Fed official warns Fannie-Freddie reforms could cause shocks

NEW YORK (Reuters) - A Federal Reserve official warned U.S. lawmakers on Tuesday that any reforms that reduce the massive lending presence of mortgage giants Fannie Mae and Freddie Mac in the multi-family real estate market could shock that sector of the economy.

FILE PHOTO: The Federal Reserve Bank of Boston's President and CEO Eric S. Rosengren speaks during the "Hyman P. Minsky Conference on the State of the U.S. and World Economies", in New York, April 17, 2013. REUTERS/Keith Bedford

Members of Congress and the Trump administration have signaled they will overhaul the two government-sponsored enterprises (GSEs), which the government took over during the 2008 financial crisis, after they suffered massive losses on bad mortgages.

Boston Fed President Eric Rosengren, who also used a speech to warn about the inflationary pressures if U.S. unemployment were to drop much further, said the agencies hold or guarantee some 44 percent of multi-family loans.

“Policymakers looking to reform the GSEs might look at the GSEs’ large and growing footprint in the market and ask whether this level of government-sponsored exposure is safe, and whether that level of government support is appropriate,” he said at New York University Stern School of Business.

“A potential and significant shock to this sector of the commercial real estate market could occur if proposals require the GSEs to reduce their holdings of multi-family loans.”

Treasury Secretary Steve Mnuchin has said Fannie and Freddie, which guarantee U.S. home loans and repackage them into securities for sale to investors, cannot be left as is for the next four years.

Several reform ideas have been floated in recent years, ranging from turning the GSEs into public companies to phasing them out completely.

It was at least the third time in recent months that Rosengren, an influential regional Fed president, raised concerns about high U.S. real estate prices and how that might exacerbate any future economic downturn.

Scott Crowe, chief investment strategist at CenterSquare Investment Management, a real asset investment arm of BNY Mellon, said the Fed has closely examined multi-family apartment supply in gateway cities such as New York and San Francisco.

The Fed’s focus has tightened credit-lending standards significantly the past six to eight months, he added.

“We haven’t built new apartments or any real estate asset type to the point where you’re seeing significant rent reductions, bankruptcies or people losing a lot of money,” he said.

The Fed has raised rates twice since December in part due to the strong labor market.

Rosengren said U.S. unemployment at 4.4 percent has dropped below its natural equilibrium and could overheat the economy and prompt faster interest-rate hikes if it were to drop below 4 percent.
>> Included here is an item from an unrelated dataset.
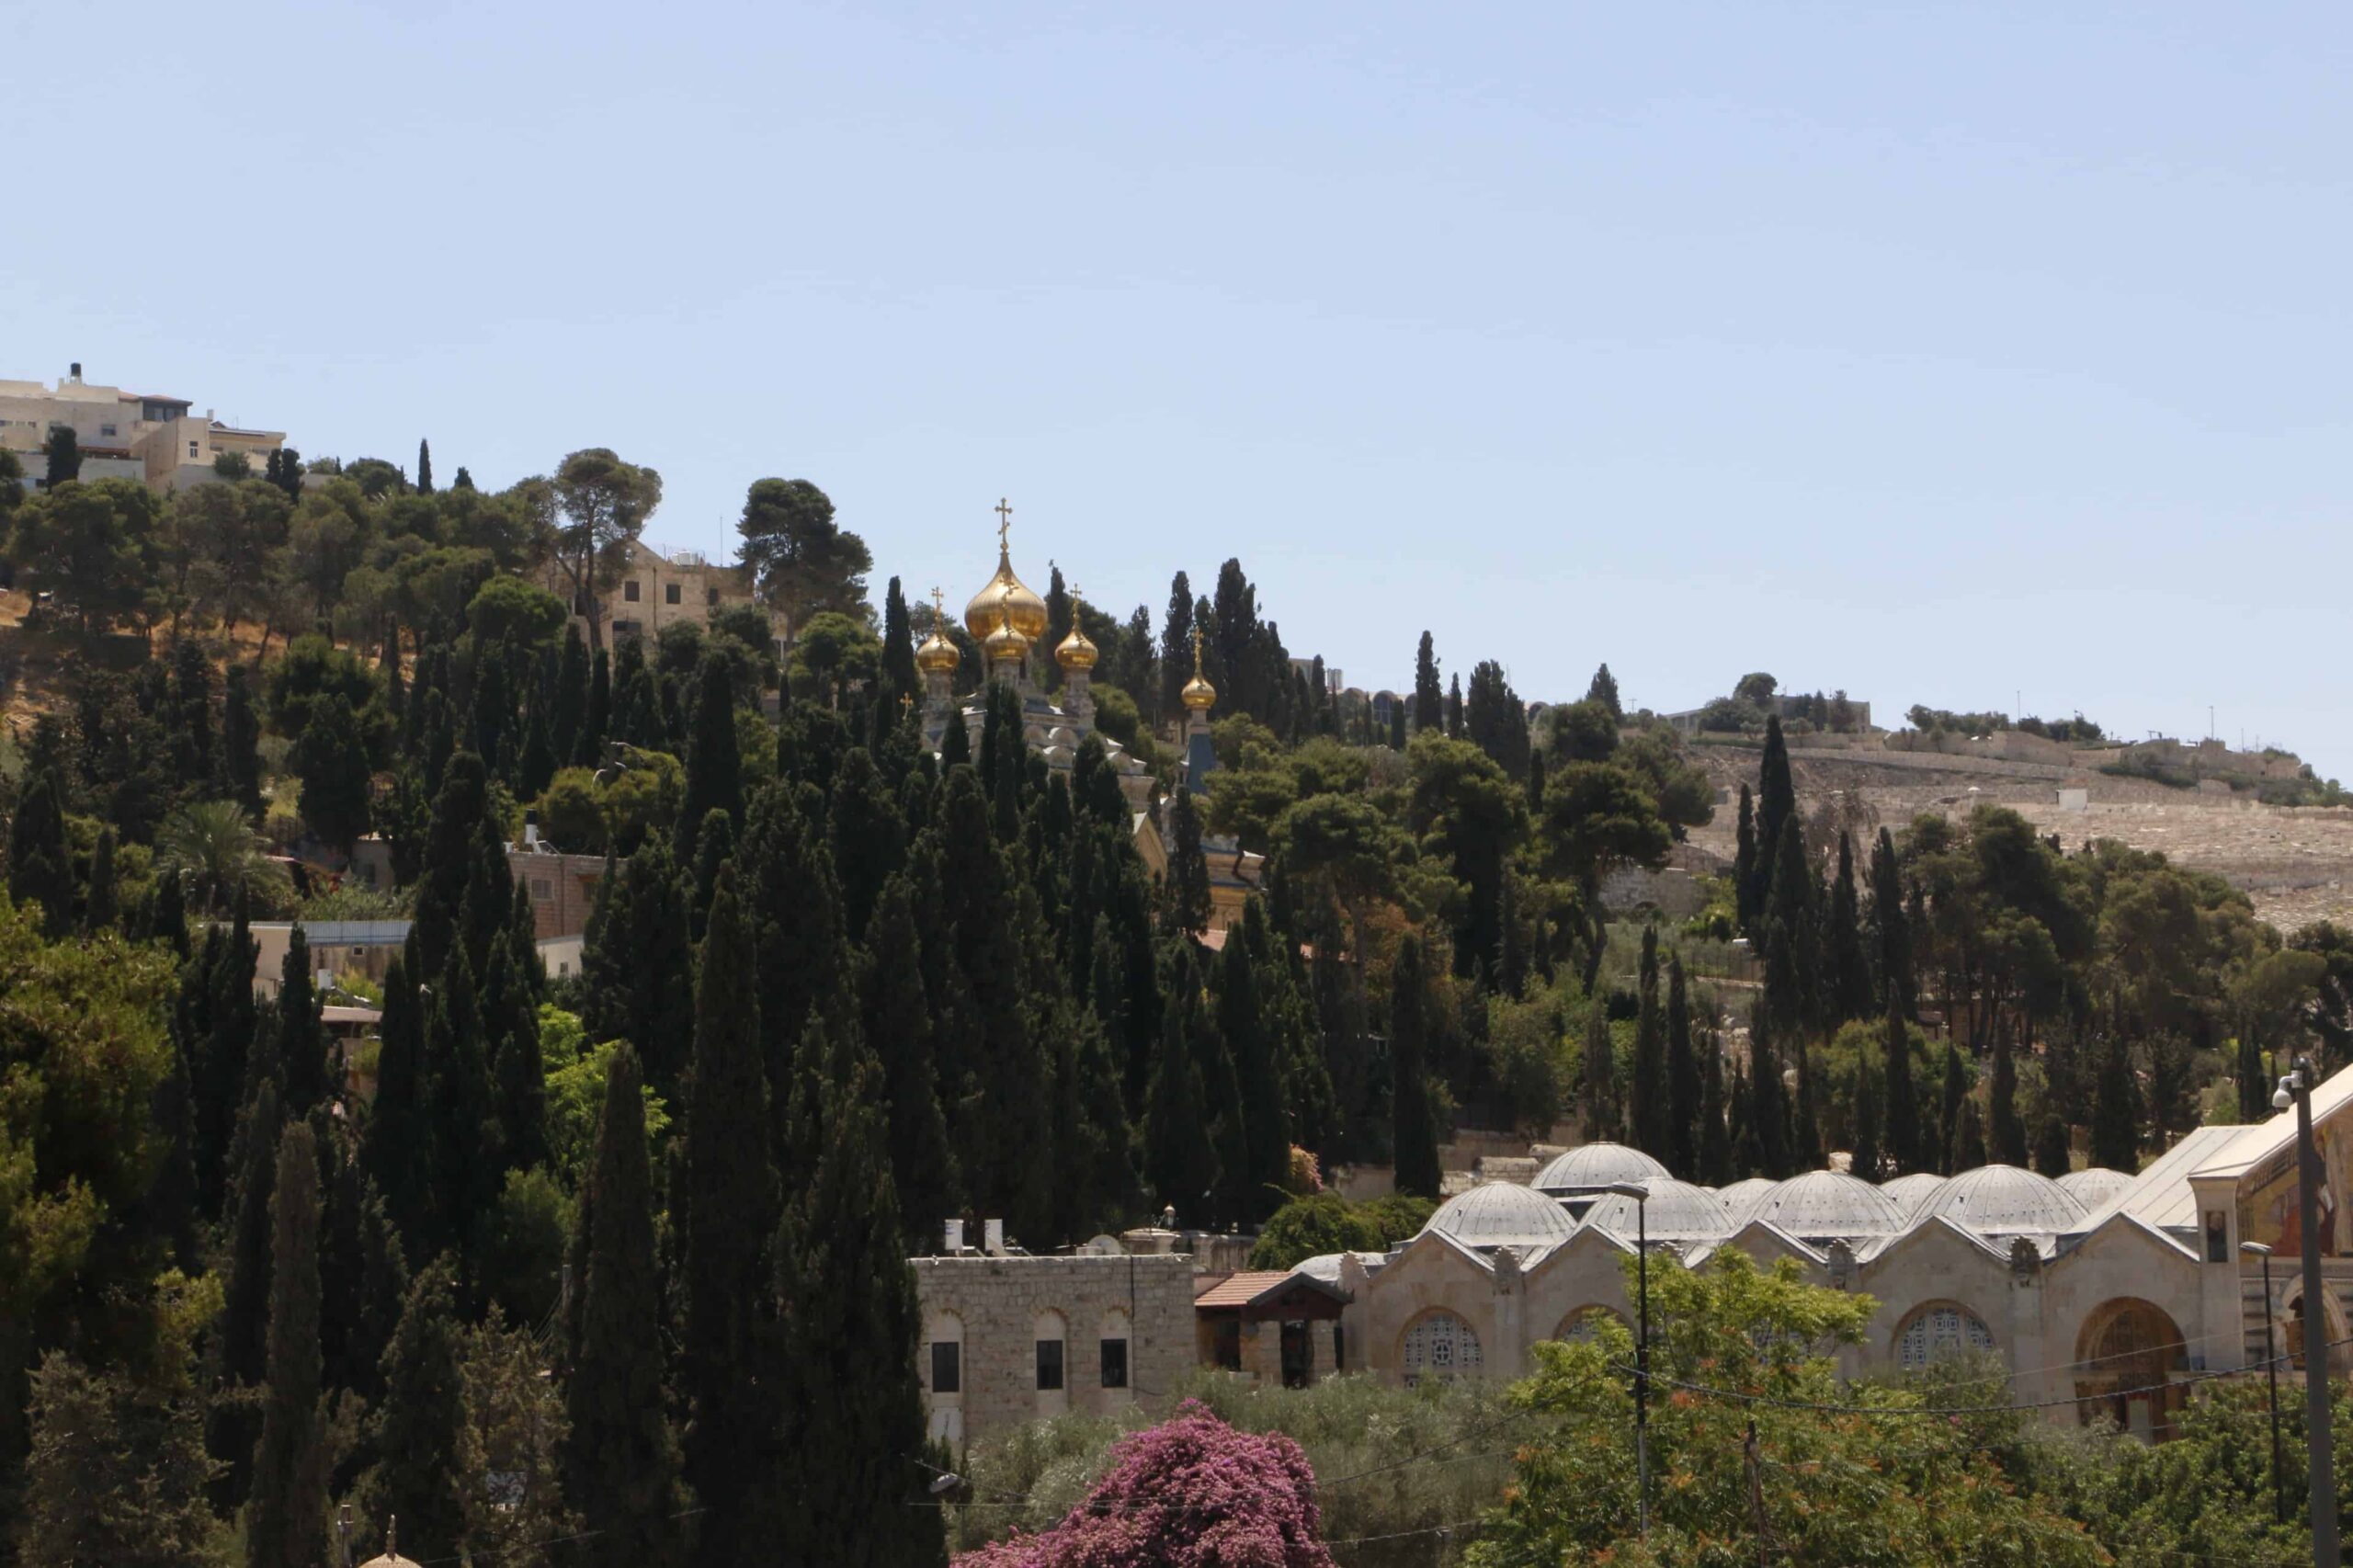 Saint Mary Magdalene’s Church, a hidden jewel in the Mount of Olives
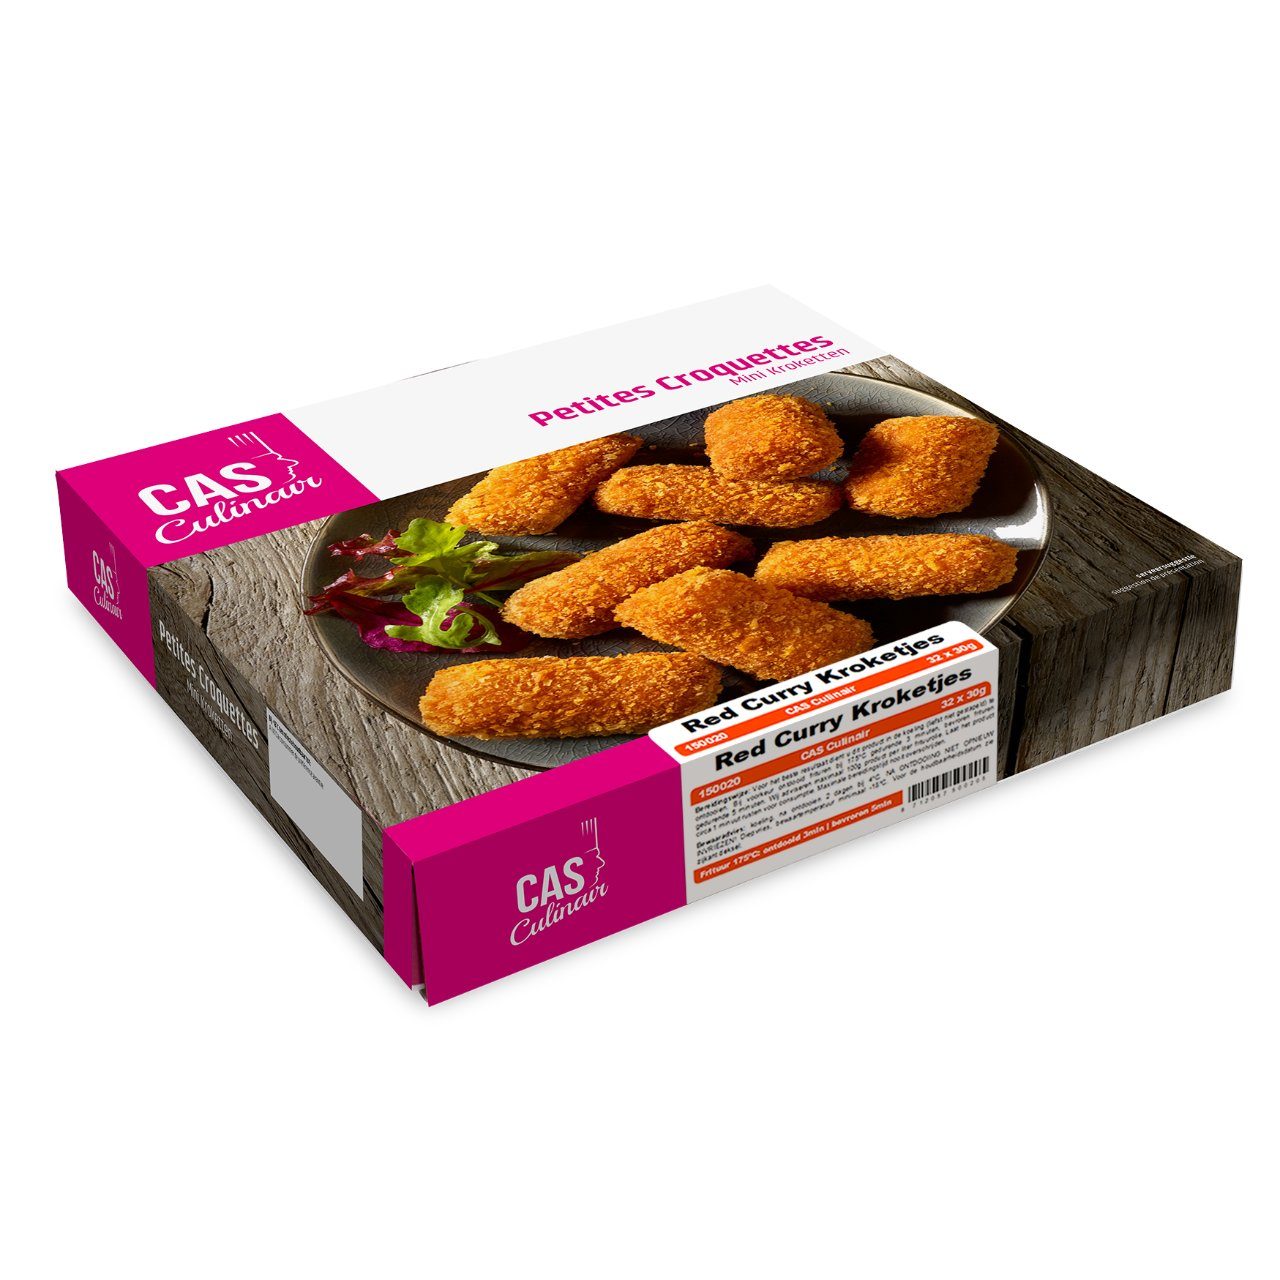 Petites croquettes red curry

He estimates the “natural employment” level - or the lowest possible level before wage pressures push inflation too high - is roughly 4.7 percent.

He cited a survey in which private economists give a 10 percent chance of unemployment falling below 4 percent.

“Such an overheated economy would likely be accompanied by higher inflation, which in turn would likely elicit higher interest rates,” he said at a commercial real estate conference.